Task details.
When you reproduce the listing, keep every word as it is and drop the pictures.
[Supplied data Boundary: Start]
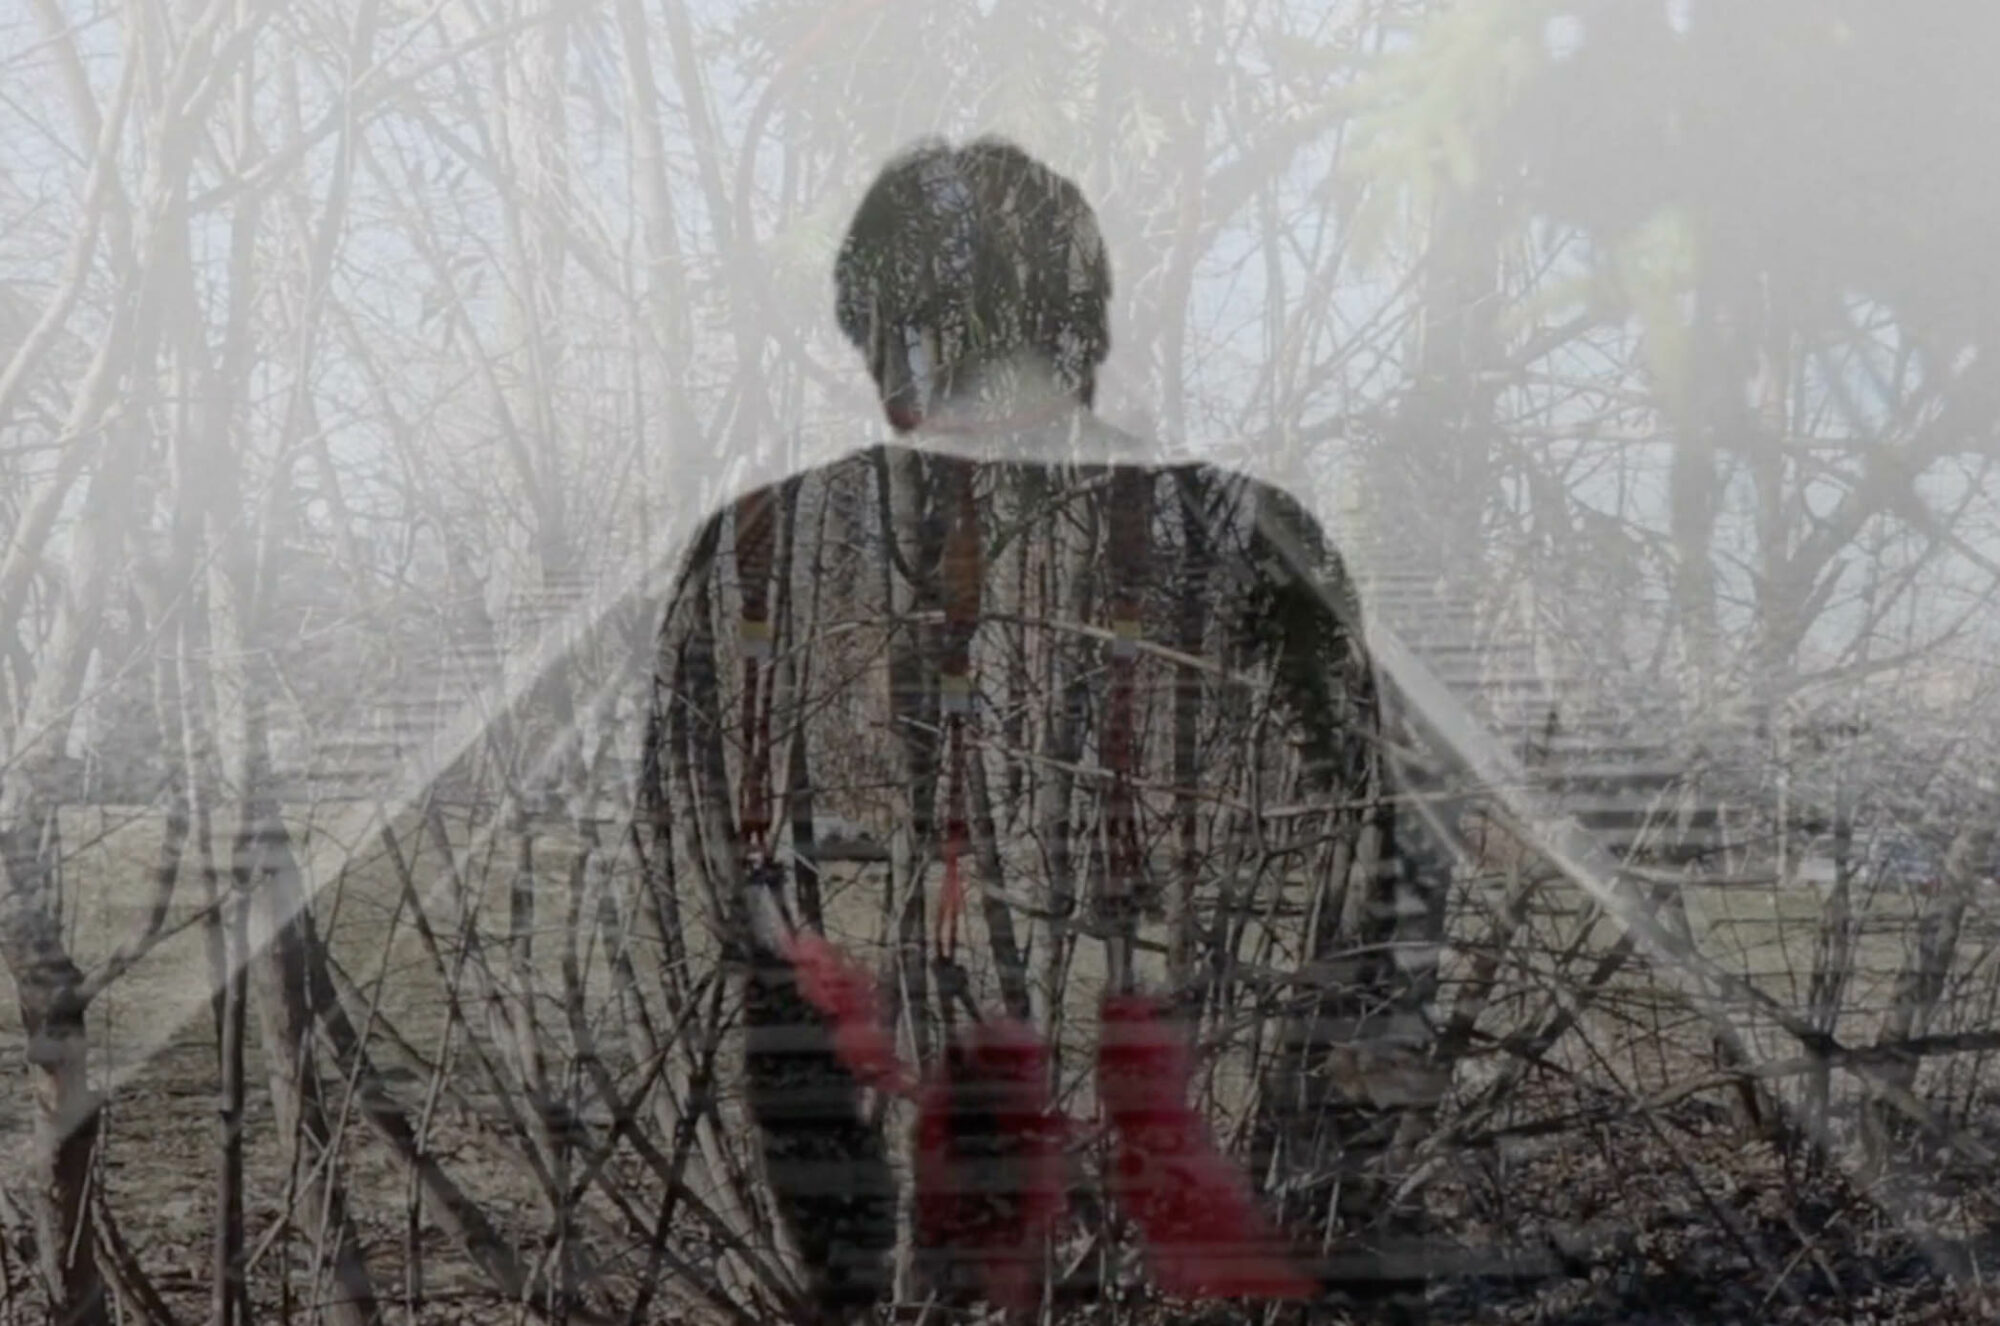 Overlaid images of a person on traintracks, a dreamcatcher, and a background of trees.
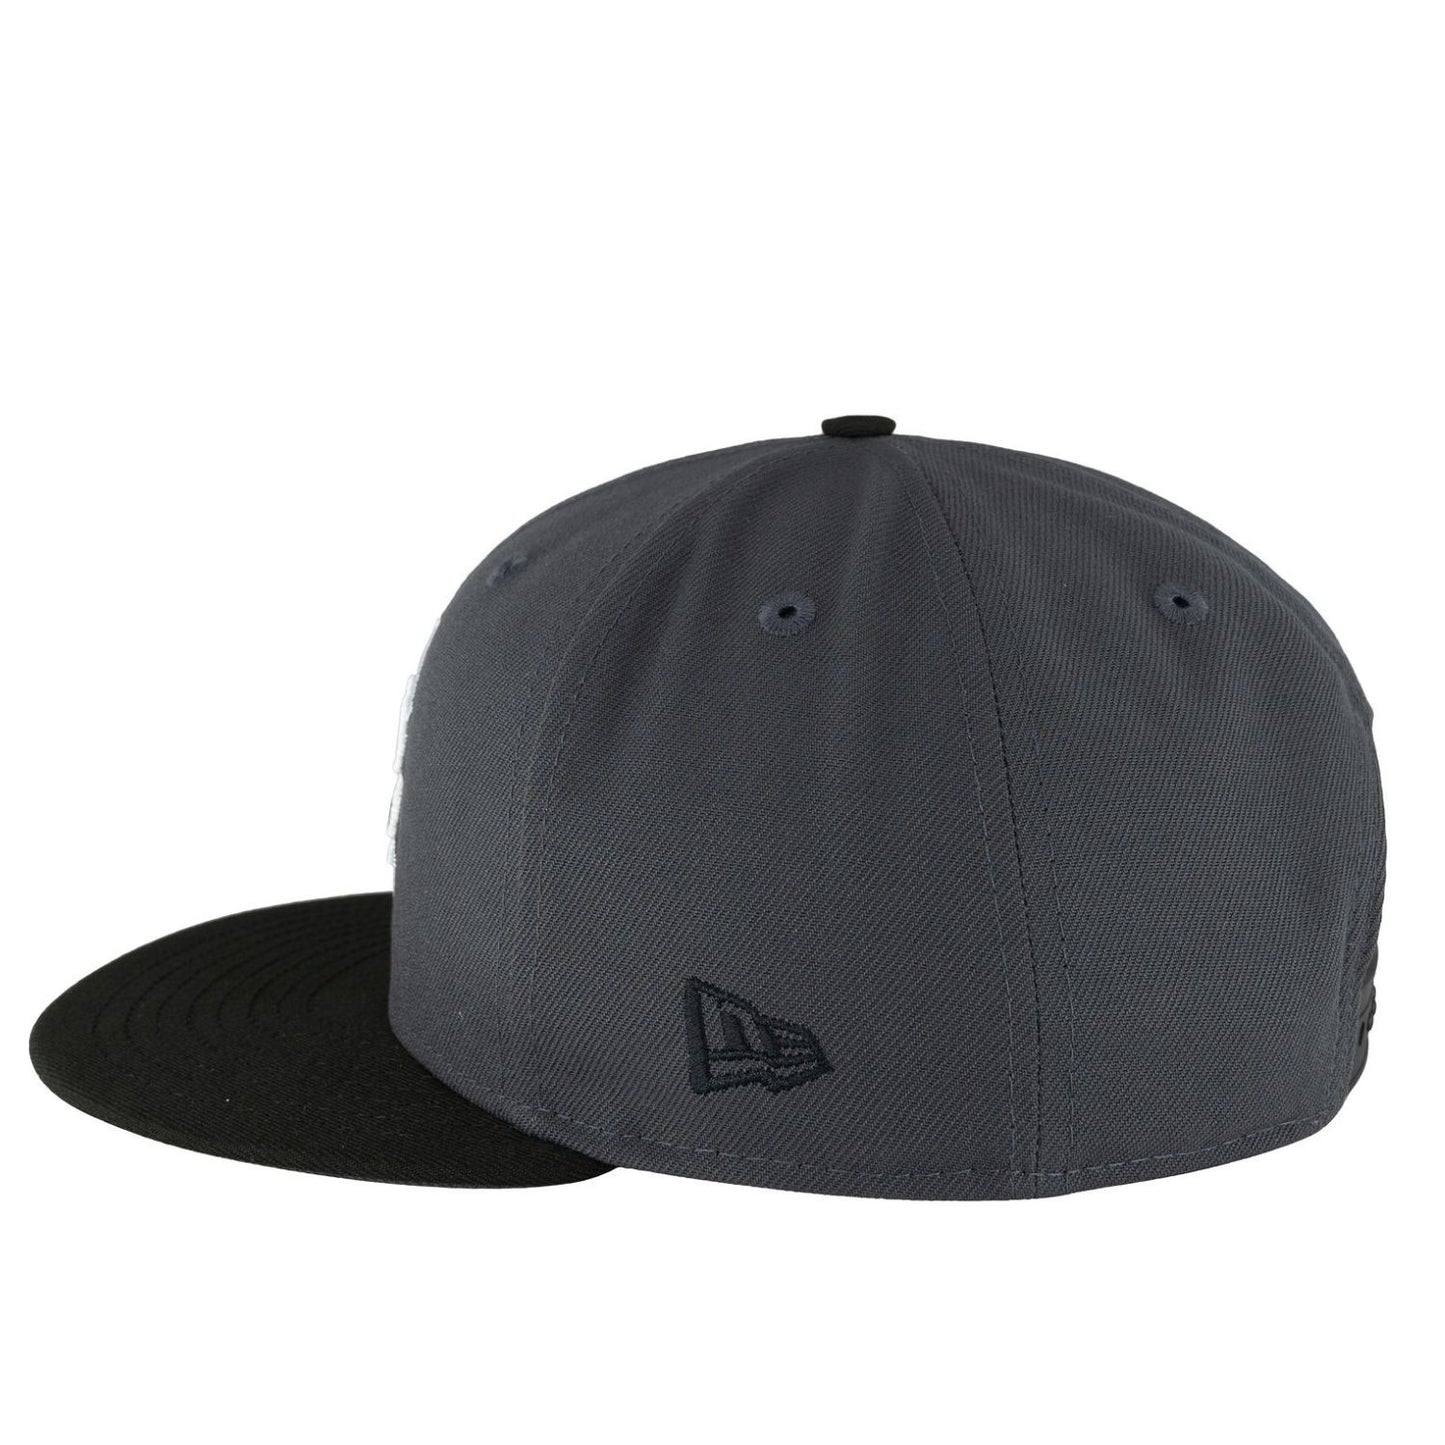 Chicago Cubs Graphite/Black New Era 9FIFTY Snapback Hat
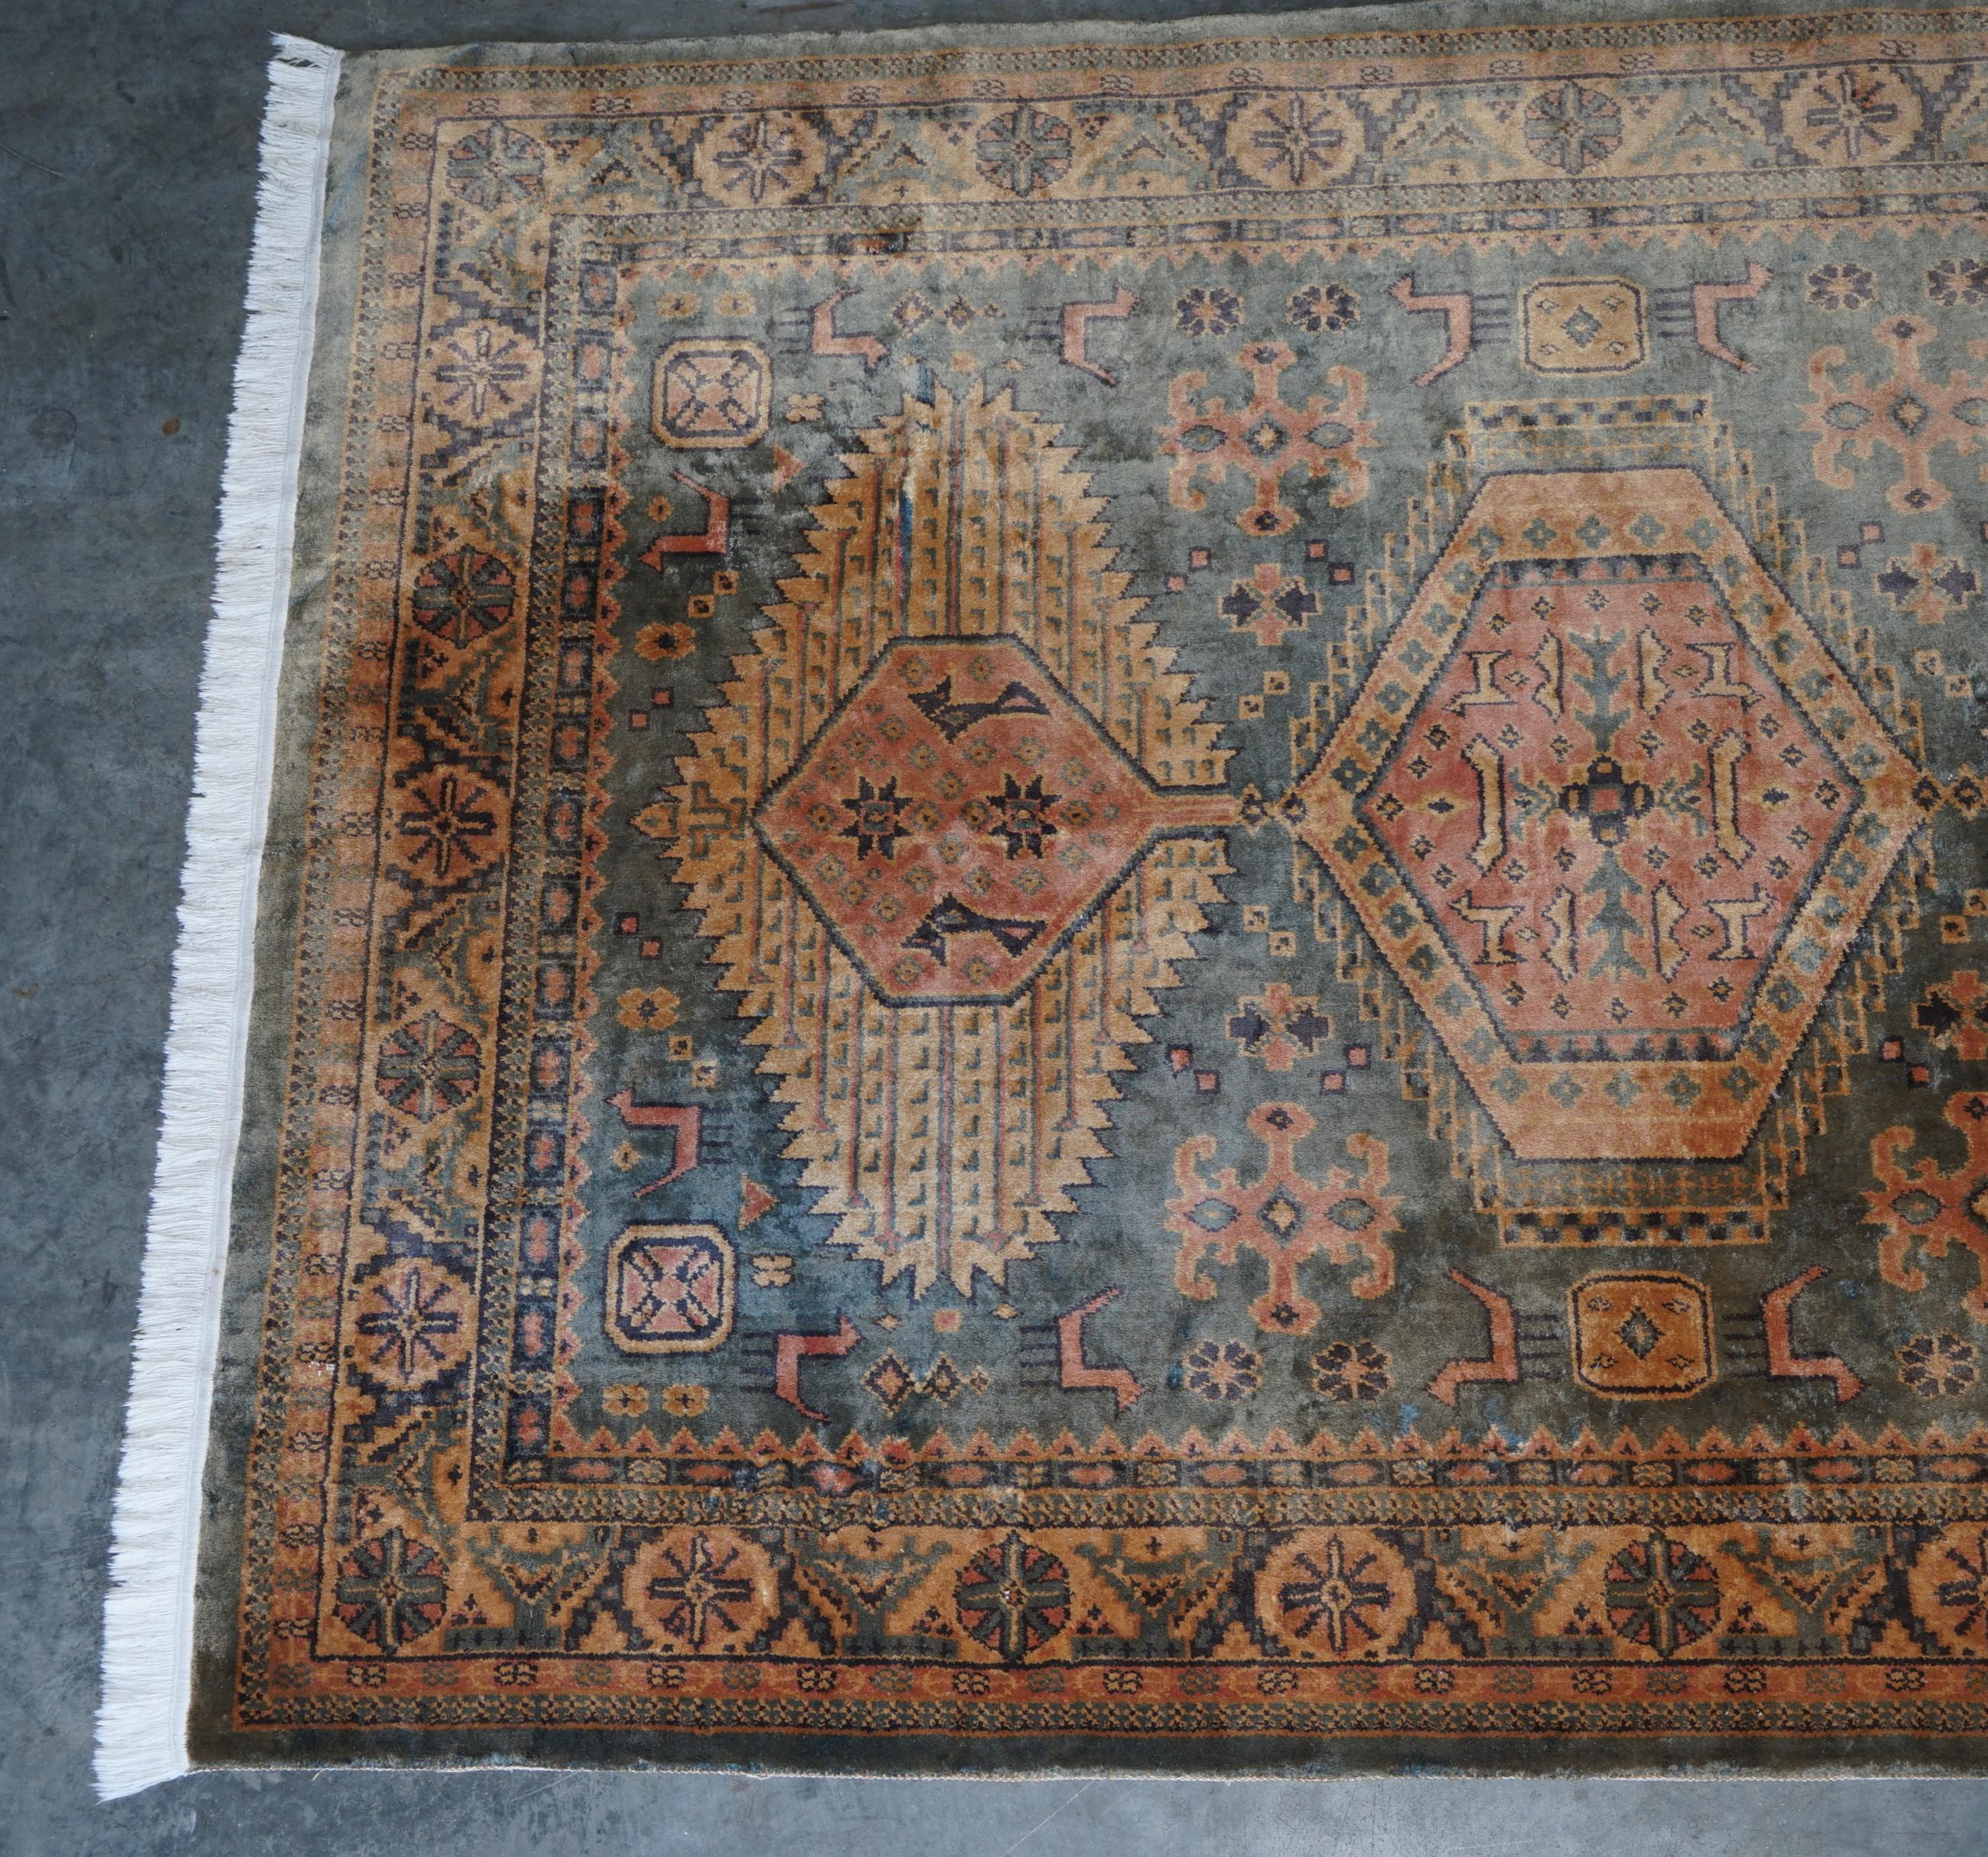 We are delighted to offer for sale this large country house, Antique French rug with lovely Aztek Kilim style design circa 1860-1880

I have a collection of 12 rugs I’m now listing for sale of all kinds of ages, periods, and sizes, some of them
[Supplied data Boundary: End]
Written response.
 Overlaid images of a person on traintracks, a dreamcatcher, and a background of trees.
 Chicago Cubs Graphite/Black New Era 9FIFTY Snapback Hat
 We are delighted to offer for sale this large country house, Antique French rug with lovely Aztek Kilim style design circa 1860-1880

I have a collection of 12 rugs I’m now listing for sale of all kinds of ages, periods, and sizes, some of them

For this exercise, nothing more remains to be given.